3. Consider full cost (fees + FX + reserve) and cost-per-approval.
4. Use CAPPED, cluster-robust errors, and bootstrap for cost metrics.
5. For critical risks - classic A/B; bandits - for mainly price/AR tasks.
6. Consider funding/reserves/late CBs before final withdrawal.
7. Document and version the rules; do post-mortem.
13) Start-up checklist
- Hypothesis, metrics, effect, design, sample size, term.
- Unit randomization and strata, assignment service, phicheflags.
- Guardrails/thresholds, SRM/AA-precheck, alerts.
- Logs/events, idempotency, status normalization.
- Display cases fees/FX/reserve; reporting currency.
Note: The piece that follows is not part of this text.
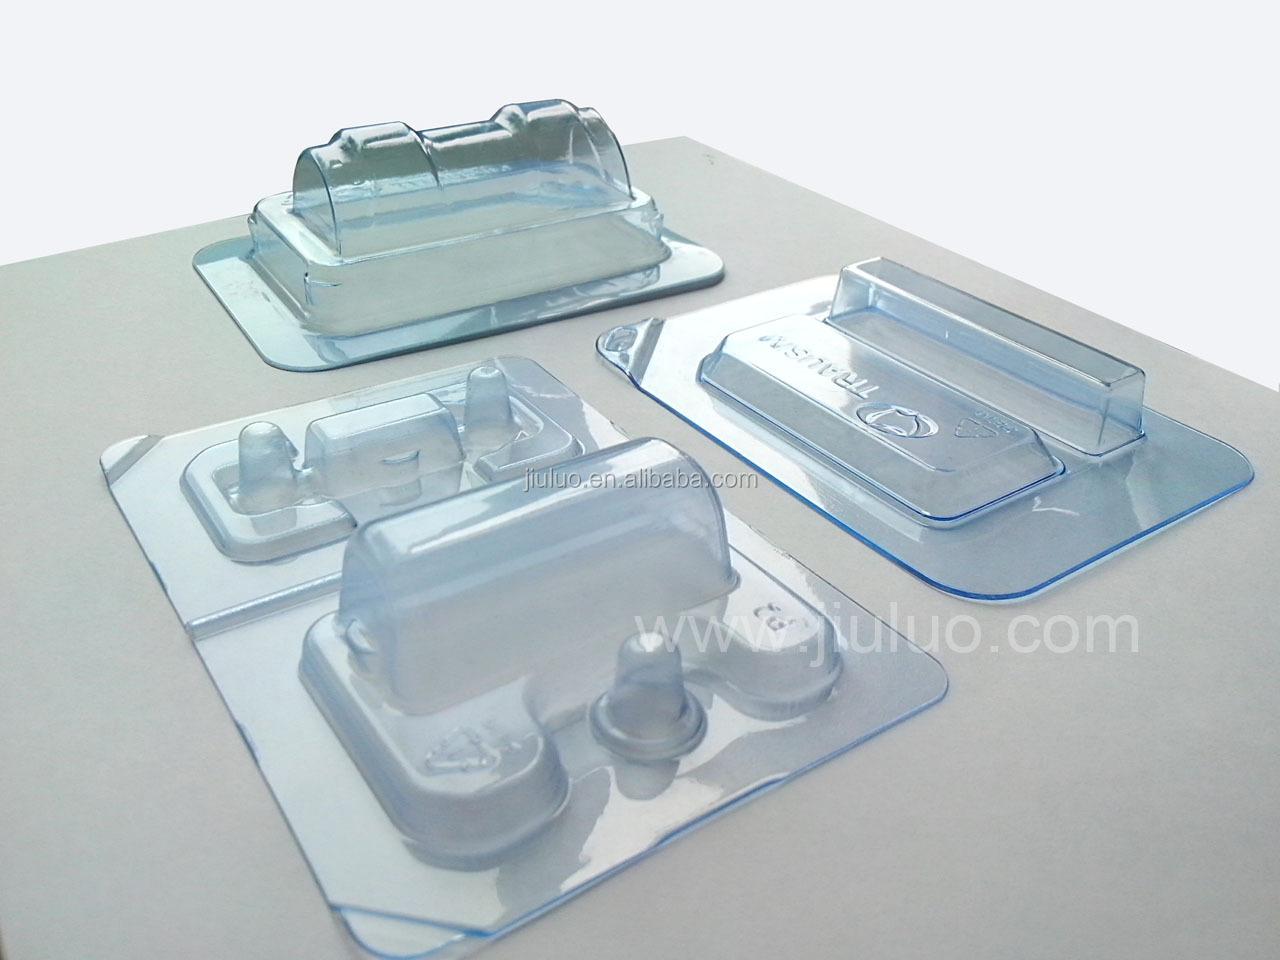 Dental Implants Blister Packaging Sealing Machine Buy

- Alpha-spending plan and data freeze.
- Playbooks roll-out/roll-back; documentation of results.
Summary
A/B tests of payment scenarios are an engineering statistical discipline: correct randomization and stratification, full cost and risk metrics, guardrails and SRM, neat analytics (CUPED/cluster-robustness/sequential analysis) and "combat-ready" infrastructure (idempotency, telemetry, reconciliation). By following this technique, you increase AR, reduce all-in take-rate, and at the same time do not pay for "false victories" with an increase in chargebacks and regulatory risks.